Меня предупредили, что на турбазе будет организована сауна, и поэтому нужно взять с собой плавки и всякие банные принадлежности. Я убежал в свой номер переодеться и постарался как можно дольше копаться. Может, эта Анька передумает. Ведь уму непостижимо, что она задумала. Я боялся даже представить, что взбредёт в голову этой экстремалке, "вечному двигателю", как один раз назвал её Алексеев. Надеюсь, что она не соберётся погнать меня через озеро вплавь. До того берега километра три будет. Ладно бы летом, но сейчас, в ледяной воде…

Скоро в дверь нетерпеливо забарабанили.

— Андрюха, давай быстрее! Что ты там копаешься сто лет?!

Накинув поверх полуобнажённого тела ветровку, я вышел из номера, полный самых дурных предчувствий. Наверное, вид у меня был шутовской — в плавках, кроссовках и ветровке, потому что весёлая компания у мангала дружно рассмеялась. Аня была одета подобным же образом. Ногам было очень холодно. Всё-таки не месяц май на дворе. Я хотел подойти к ещё тёплому мангалу, чтобы погреться, но Аня потащила меня мимо площадки к самому берегу, где чернела устрашающая пятиметровая вышка для прыжков в воду.

— Сейчас мы тебе изобразим экстрим, Рощин! Водичка — градусов десять-двенадцать, а мы с Андрюхой прыгнем. Да ведь, Андрюха?

Отнекиваться под взглядами коллег было стыдно. Прокляв себя триста раз, что поддался на провокацию, я начал карабкаться на вышку вслед за неуёмным "вечным двигателем" Пеструхиной. Взвизгнув, Аня очертя голову сиганула в ледяную воду. Внизу раздался шумный всплеск. С берега донеслись шумные выкрики и аплодисменты. Поёжившись от промозглого осеннего ветра, я шагнул к краю вышки. Сейчас я сильно жалел о том, что занимался плаванием, а не прыжками в воду — может, было бы не так страшно. Собравшись с духом под подбадривающие возгласы коллег я, плохо соображая, что делаю, солдатиком прыгнул в озеро. Холодная вода ошпарила меня, сдавила сердце и я, мысленно дико заорав, выскочил на поверхность. Забыв обо всех стилях плавания, охая, саженками доплыл до берега и выскочил под бурю аплодисментов.

На меня накинули ветровку и посоветовали быстрее бежать в номер.

— Бегите вместе с Анькой, переоденетесь, а заодно погреетесь! — восторженно проорал кто-то.

Не помня себя я домчался до своего номера и быстро переоделся в сухое.
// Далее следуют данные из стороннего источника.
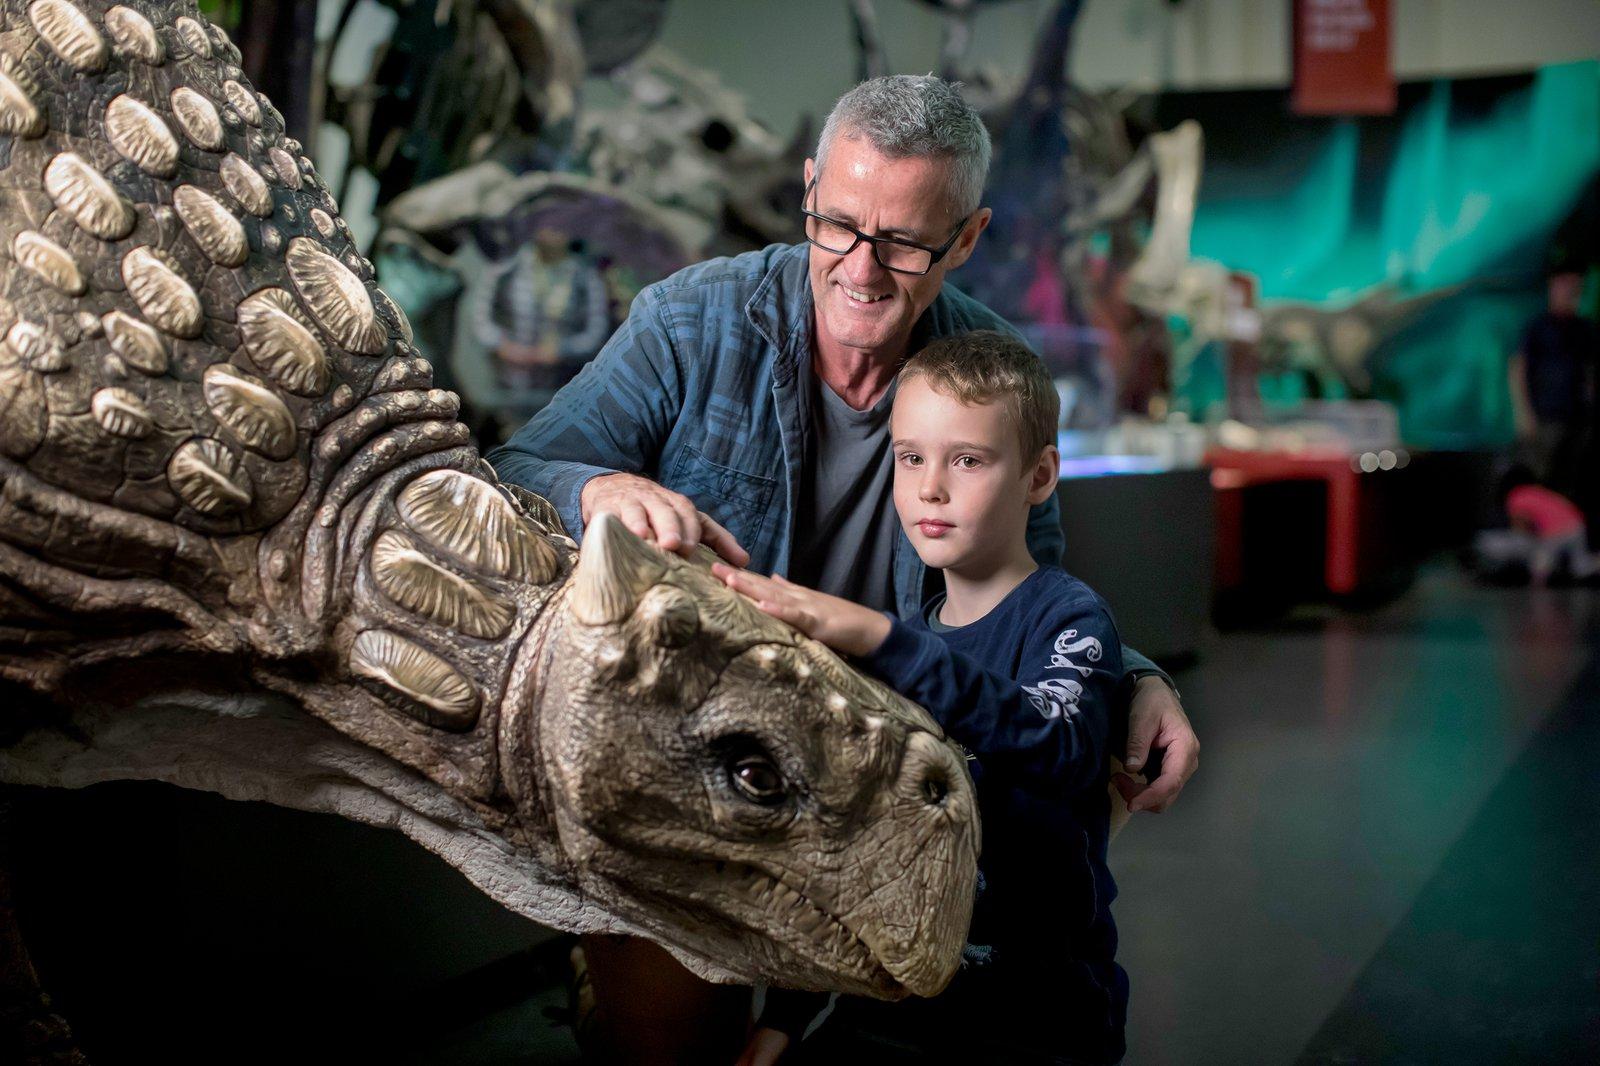 A family visiting Dinosaurs

Только тогда перестал дрожать и почувствовал, как обожжённая ледяной водой кожа начинает гореть. Аня опять постучалась ко мне в номер, поздравила меня, крепко поцеловала и сказала, что она мной гордится: я не посрамил честь всех экстремалов. Самое смешное, что я таковым никогда не был. Пришлось сегодня отвечать за свои слова.

У костра нас, как следует, напоили. Алексеев пожал нам руки, вызвал завистливые вздохи начальников отделов. С его персонального разрешения нам налили по полстаканчика водки "для сугреву", которую мы запили баночным пивом. А затем нас с шумом и воплями поволокли в сауну. Мне пришлось ещё раз вернуться в номер за ещё сырыми от экстремального купания плавками.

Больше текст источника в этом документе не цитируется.